If the peak level of different audio programs is normalized to dB FS (Full Scale), i.e. to peak level, audio programs with a lower dynamic range show a higher loudness than those with a higher dynamic range. This is illustrated in the graph on the right. This is also the reason why highly compressed adverts are so much louder than uncompressed speech recordings. Recordings differ in their loudness, which has so far not been considered in a level control based on peak level measuring.

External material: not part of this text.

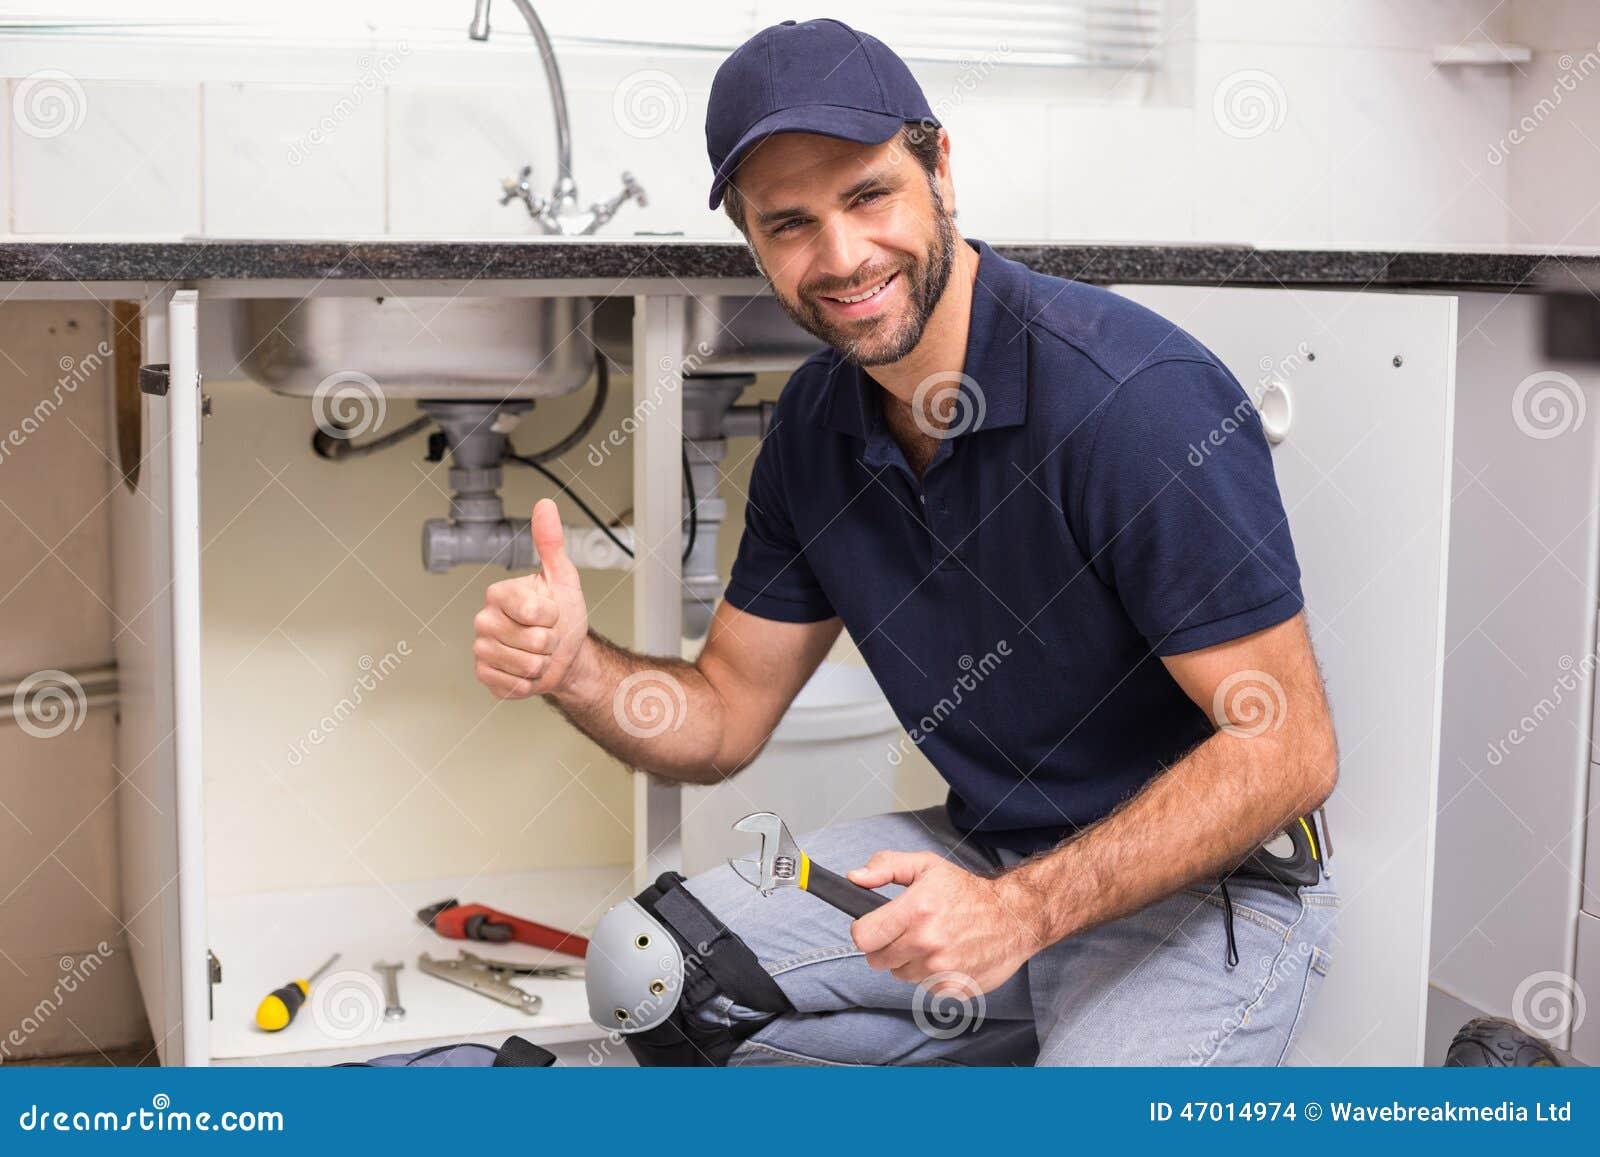 Fixing Pipe Under Kitchen Sink

Note: The graph above illustrates that the tolerance does not only depend on the playback environment but also on the age of the listeners. For people of 50+ the tolerance is decreasing. A sound track with high dynamic range may cause problems for an older audience, as they do not understand the soft dialogs and consider the loud effects as unpleasant and sometimes even painful.
The K-System uses three different meter scales for level measurement with different headroom:
K-20 ...with 20 dB headroom for a high dynamic range in large cinemas; 0 dB on this K-scale corresponds to -20 dB FS
K-14 ...with 14 dB headroom for home theaters and living rooms; 0 dB on this K-scale corresponds to -14 dB FS
K-12 ...with 12 dB headroom for broadcasting and louder environments, such as department stores, fairs, etc.; 0 dB on this K-scale corresponds to -12 dB FS
On the K-System meter scales the 0 dB points differ, thereby allowing for different headroom. Moreover, audio level control is not based on the peak level but on the RMS level. The RMS level in the K-System is the average value of a time window of 600 ms with defined meter increase and decrease rates which means that it has a strong relation to the perceived loudness. The peak level only becomes relevant when it exceeds zero dB FS and that's why an overload meter will do. According to K-System standards you base the level control of your soundtrack on the loudness. This avoids volume jumps and helps to achieve a lot of freedom for accented effects due to the headroom.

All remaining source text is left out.